2) le poids des partis protestataires qui menace l'existence meme d'une majorite politique cantonale
3) l'eloignement croissant des urnes des jeunes genevois qui ne se reconnaissent plus dans une democratie pretenduement directe mais qui minorise sans cesse les preoccupations qui sont les leurs.

Cordialement,

Antoine Vielliard

Écrit par : Antoine Vielliard (St Julien en Genevois) | 03/02/2011

@ Antoine Vieillard

Je reviens sur vos remarques 2) et 3), laissant de côté, la 1) qui témoigne de ce que nous savons déjà : la désaffiliation ne touche pas que les partis du centre.

2) Les 3/4 des parlements cantonaux en Suisse (cf. étude du Prof. Ladner) sont constitués de majorités fluctuantes ou sur enjeux. Et oui, en Suisse, on élit le législateur à la proportionnelle avec un quorum bas, par souci de représentativité. Un peu d'histoire récente, la droite bourgeoise a par le passé joué l'empêcheur. Je me rappelle, par exemple, un groupe libéral au GC refusant le budget présenté par une magistrate du même bord. Bref, la protestation n'est pas réservée à une formation en particulier.

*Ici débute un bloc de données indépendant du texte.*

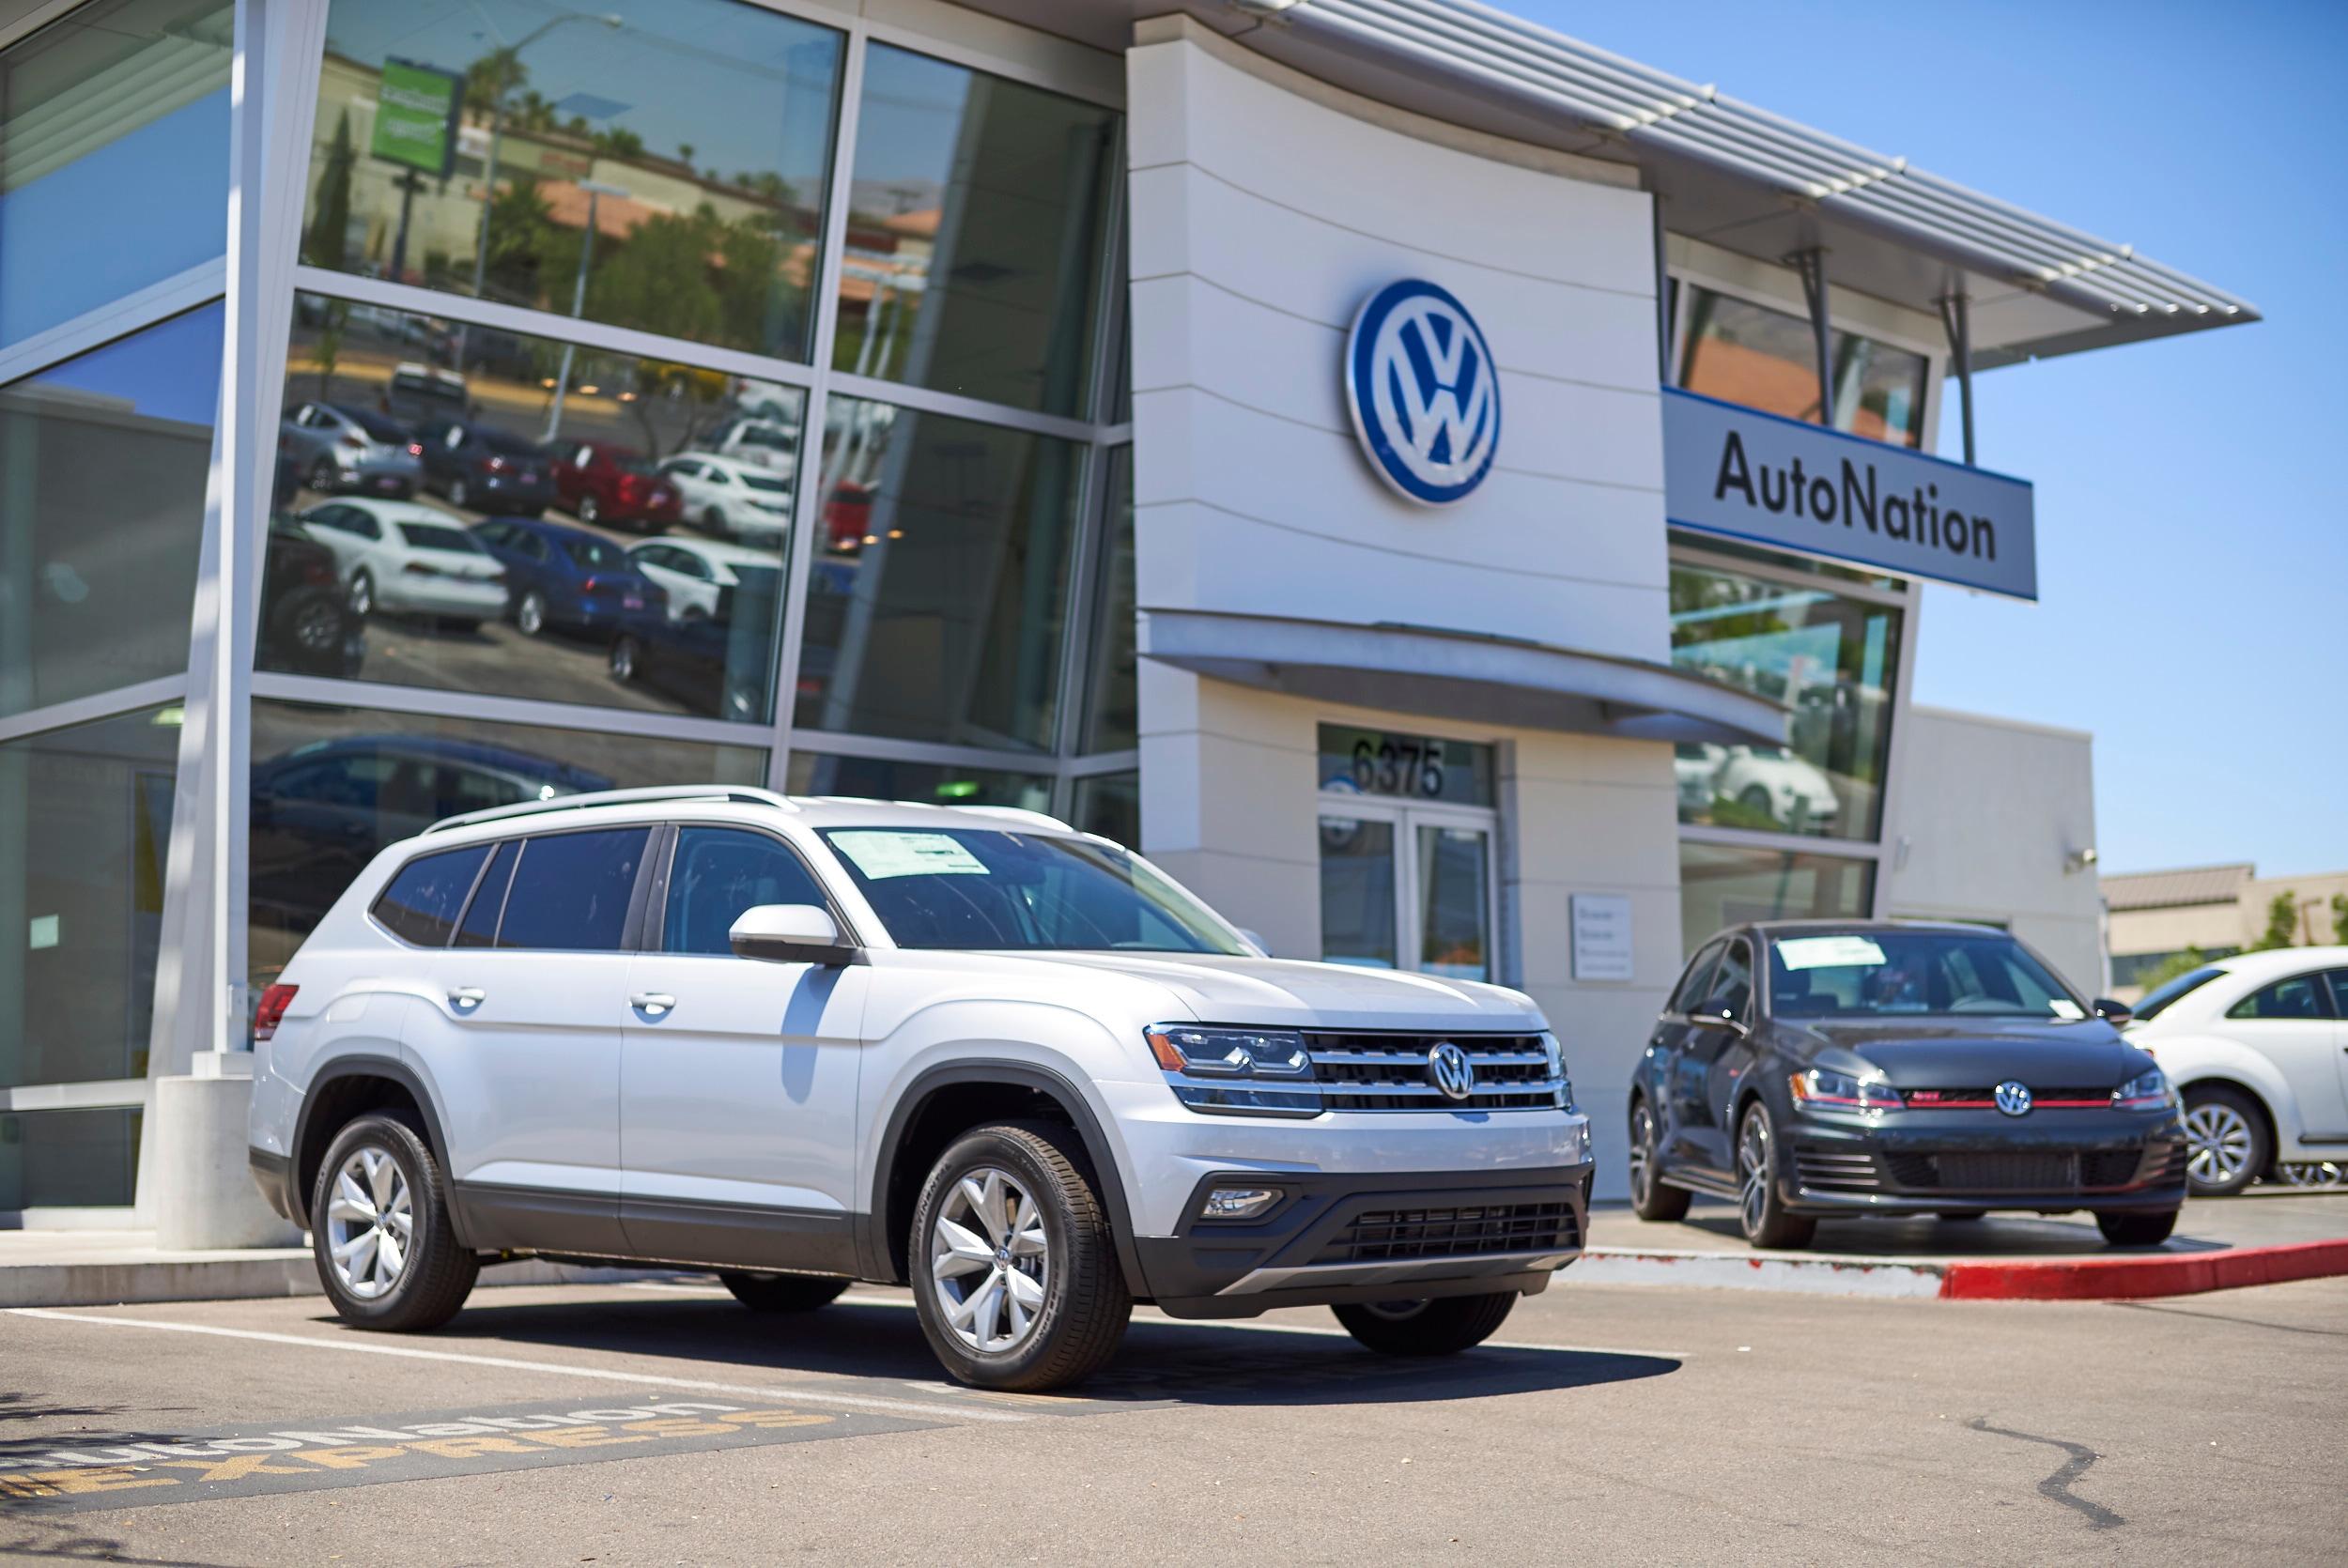 Las Vegas Volkswagen Dealer Autonation Volkswagen Las Vegas

3) Les "jeunes" votent sur des enjeux qui les concernent. Dernier exemple en date : la loi sur le chômage (cf. étude Gfs). La participation des "jeunes" et l'abaissement de l'âge des élus sont des problèmes qui touchent toutes les démocraties. En particulier la France, qui détient des scores inférieurs à la Suisse sur ces deux points.

Votre parti est dans un trou noir, mais essayez de positiver, crebleu!.


Germond

Écrit par : Germond | 03/02/2011

C'est super rassurant de constater que 50% du souverain ne vote pas quand il se croit non concerné, Ça doit surement être la partie du haut des genevois qui n'est jamais concerné. Il faut croire qui ni le trafic ni le logement ne constitue un problème pour les blogueurs de la tribune. A un moment meme des mecs qui ramassent 40000 CHF par mois vont en avoir marre.